A supporting study performed using the read-across substance N,N-Dimethyldecan-1-amide, mixture with N,N-Dimethyloctan-1-amide ( CAS No.67359-57-3) using an adaptation of the method of Ritz and Buehler is available [Kreuzmann, 1990].The test substance was used as 5% w/v formulation in 80% ethanol/20% distilled water for induction and as 2.5% formulation in acetone for challenge and epicutaneous occlusive applied to 20 guinea pigs. There were no grades of 1 produced in the test or control animals. The incidence of grade + responses in the test group (14 of 20) was compared to that of the naive control group (7 of 10). The incidence and severity of these responses in the test group were essentially comparable to those produced by the naive control group indicating that sensitization had not been induced. Therefore the mixture was classified as not sensitising.

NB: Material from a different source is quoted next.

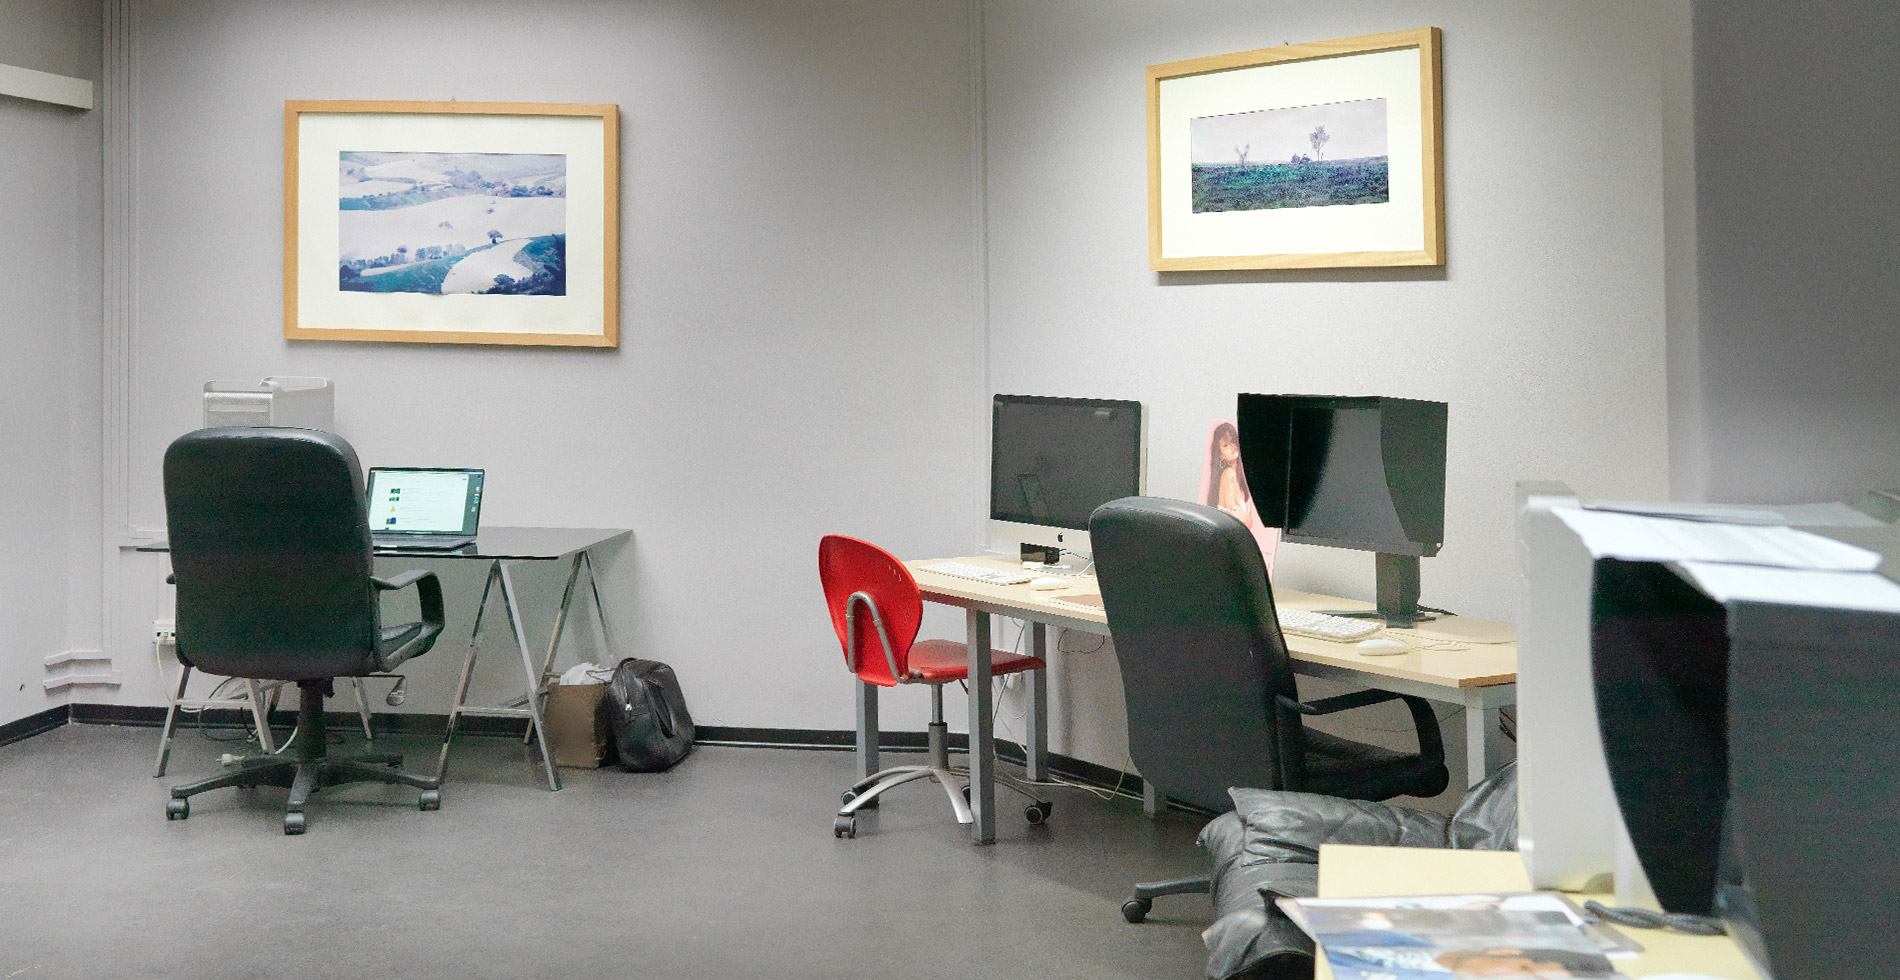 sala-grafica-studio-fotografico-stampa-bergamo-modonesi-2

Migrated from Short description of key information:
OECD 429, GLP LLNA study carried out in female mice using concentrations of 10, 25 and 50% in acetone/olive oil (4:1 v/v). The SI values were <3 for each of the three dose levels. The substance is not a sensitiser based on the results of this study.

Justification for selection of skin sensitisation endpoint:
GLP, Klimisch grade 1 study conducted according to OECD 429 test guideline

Justification for classification or non-classification

There was no indication that the test substance elicits an SI ≥ 3 when tested up to 50%, the test substance was considered not to be a skin sensitizer. It was established that the EC3 value (the estimated test substance concentration that will give a SI =3) (if any) exceeds 50%. Hence no classification is required under CLP.